We know that you do not like Richard Strauss but that is surely far too far to go by denouncing "Ein Heldenleben" ???  I find the Rachmaninov Second Symphony unbearably drawn out and tediously sentimental.....But I realise that a huge number of people like and love the work, so it must have considerable merits.

It is interesting in the context of this thread to recall a discussion we had some time ago about the recent Philip Glass Symphony No.10. All of us (I think) who had listened to the work in its Proms performance-it is on YT-were in full agreement that the symphony was quite dreadful: banal, dreary, pointless, hackneyed, boring.

That is what Martin Anderson, the respected owner of Toccata Classics and a noted music critic, wrote in a recent edition of "Tempo" magazine about the same symphony:

".....it was the strongest piece on the programme.

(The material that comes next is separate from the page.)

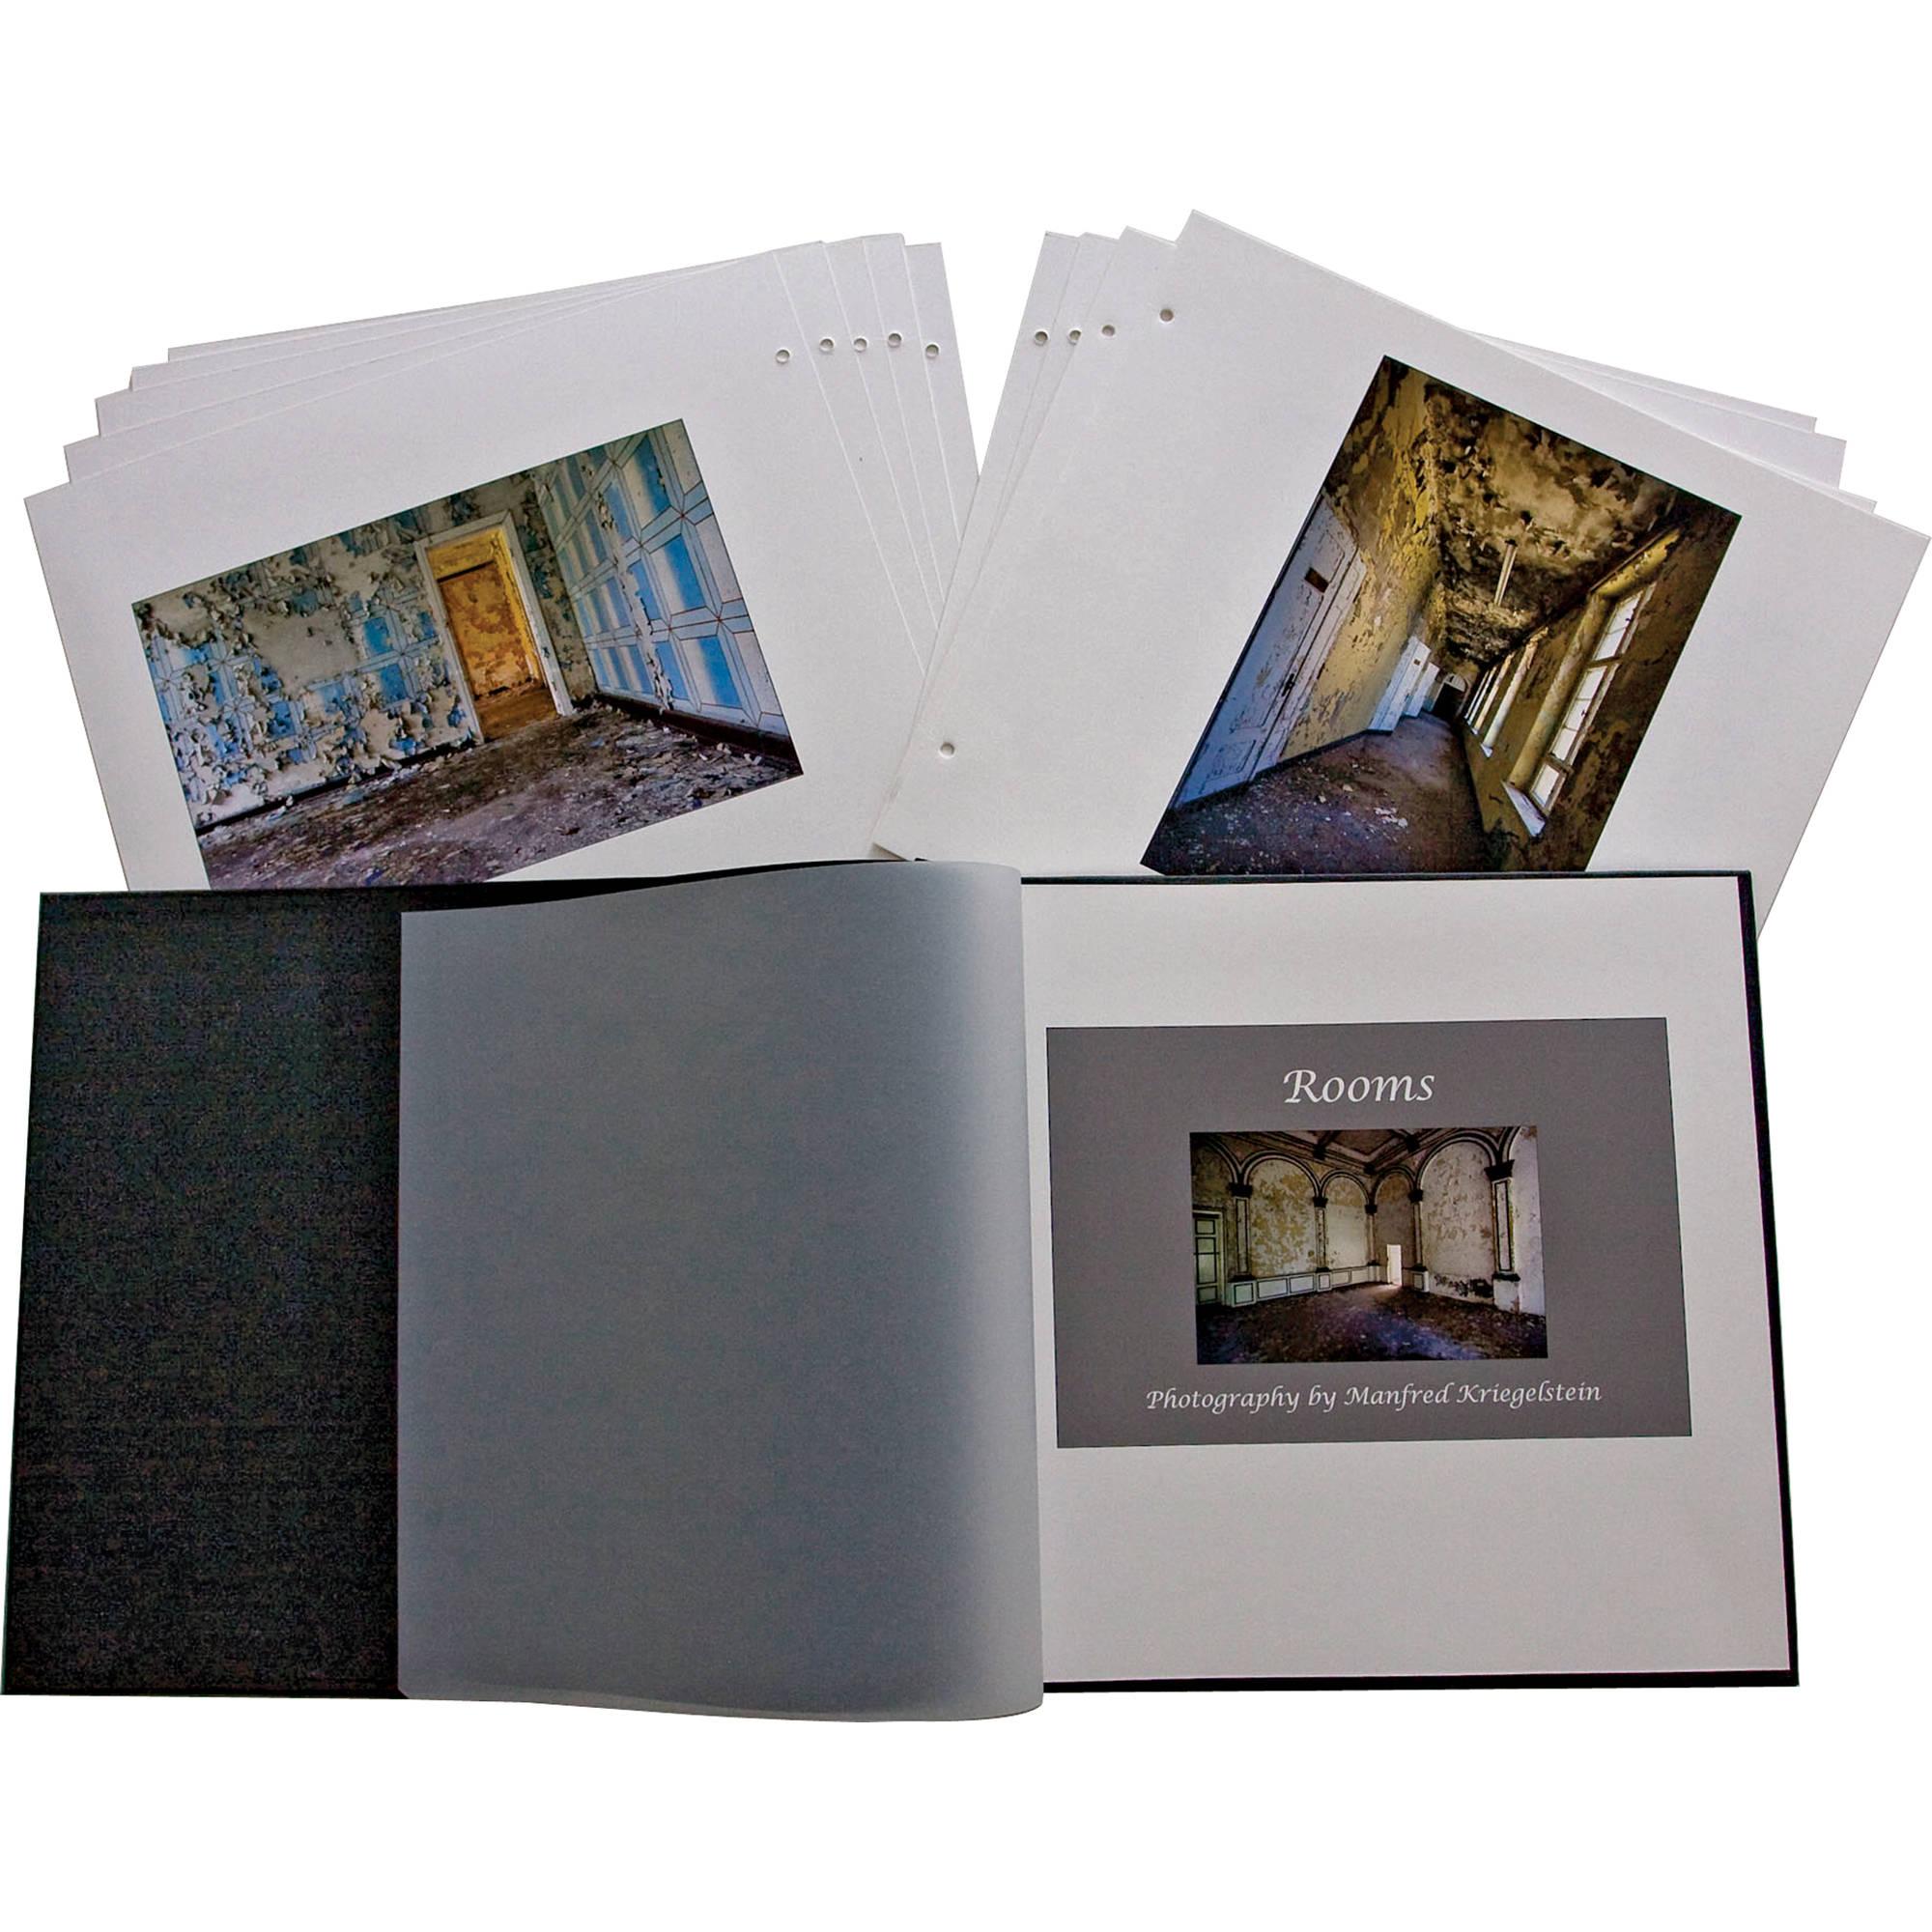 Hahnemühle Fineart Inkjet Leather Album 12 X 12 10640857
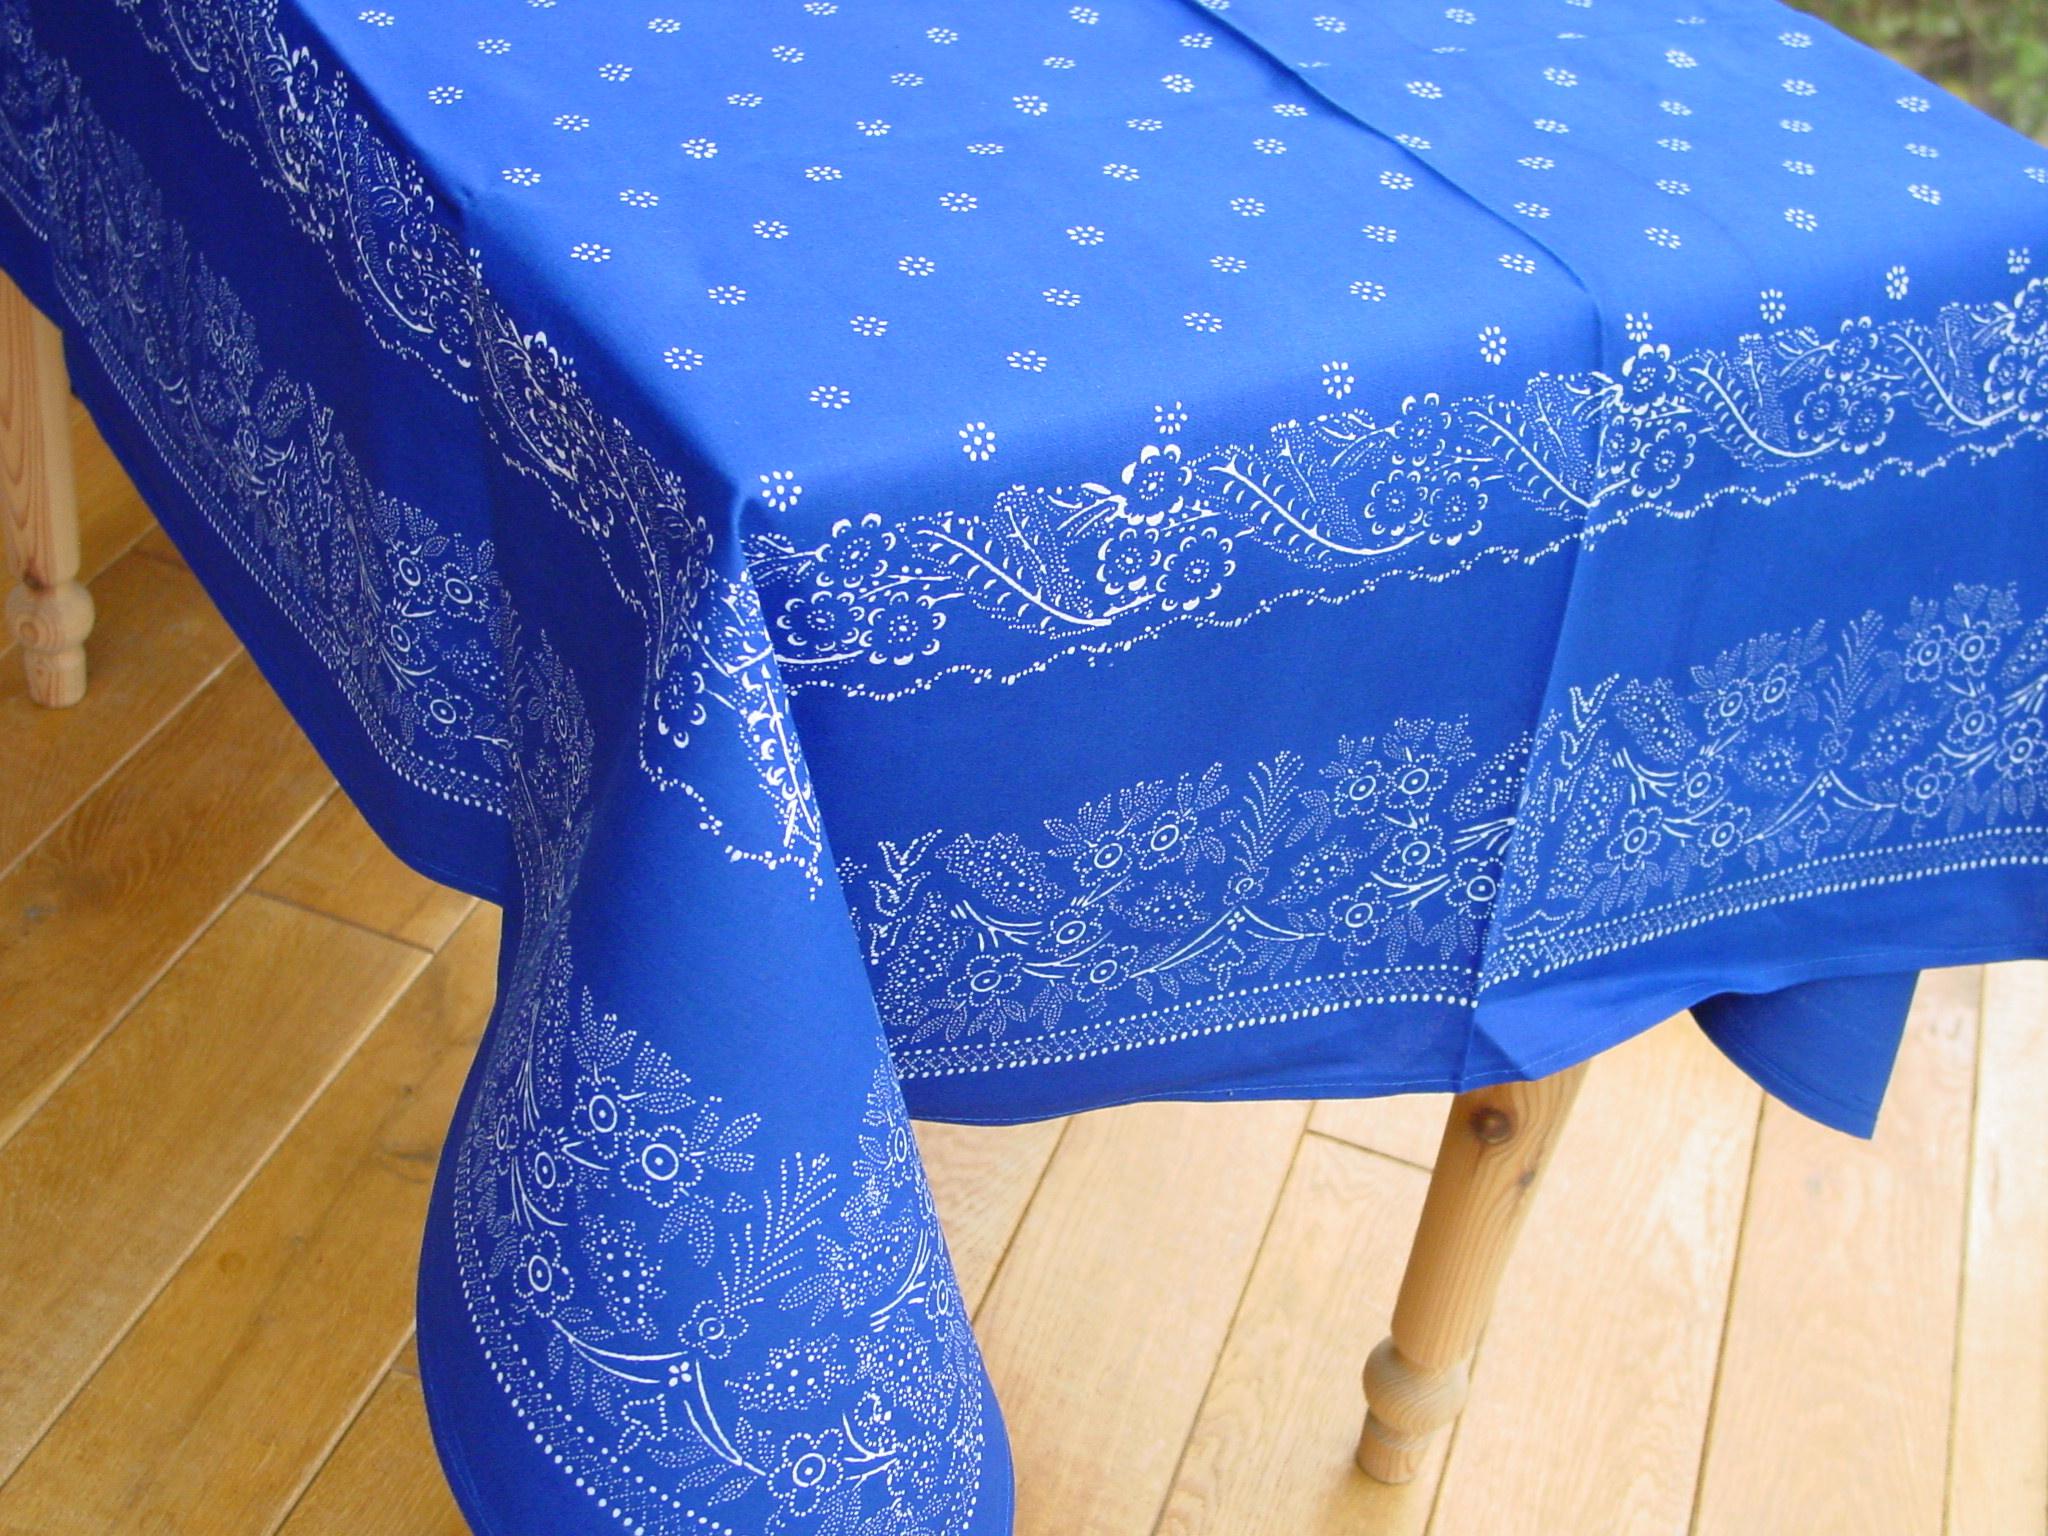 Große Blaudruck-Tischdecke 6481-0

Almost half-an-hour long and cast in five movements, it opens sounding more like Roy Harris, with the same sense of the wide American outdoors, and chugs along amiably. The second movement starts with a percussion refrain decorated by woodwind and strings, the movement growing gradually in ambit and feeling; it is both lovely and emotionally cogent with echoes of Janacek. The central movement has a medieval flavour, a peremptory three-note figure imparting a military cast underlined by drums, before a climax cuts it away to a simple ostinato, below which the brass grows in strength; now the broad phrasing and noble brass-writing suggests Bruckner. The final sections are announced by a hint of Herb Alpert from castanets and trumpets and a celebratory dance slowly gets underway. The whole thing is over-scored, but with such candour that you could hardy object. Nor is there the vaguest hint of development: each dollop of material is simply extended until it runs out and is replaced by something else. A decisive whirling coda brings the work to a close after an unexpectedly enjoyable 26 minutes."

Roy Harris ??? Janacek ??? ??? Bruckner ??? ??? ??? ???

Anderson gives the game away by using the phrases "chugs along" and "each dollop of material" and by noting that there is not "the vaguest hint of development"...INDEED....but excuses this by describing the piece as "amiable", "enjoyable", "lovely and emotionally cogent".

I have a great deal of respect for Martin Anderson's critical judgment and for his ongoing contribution to expanding our knowledge of unsung composers......but this is really quite extraordinary. Are we all wrong ???  Does the symphony have any merit at all ??? No, Martin...it doesn't ::)  If one compares Glass to some other reasonably well-known composers still writing symphonies today-like, say, Kalevi Aho in Finland or David Matthews in Britain-then Glass is very much a symphonist manque.
Some of his work I quite enjoy on a rather subliminal level....but the 10th symphony sunk to the depths in exposing the limitations of Glass as a composer of symphonies (or a composer full stop ???).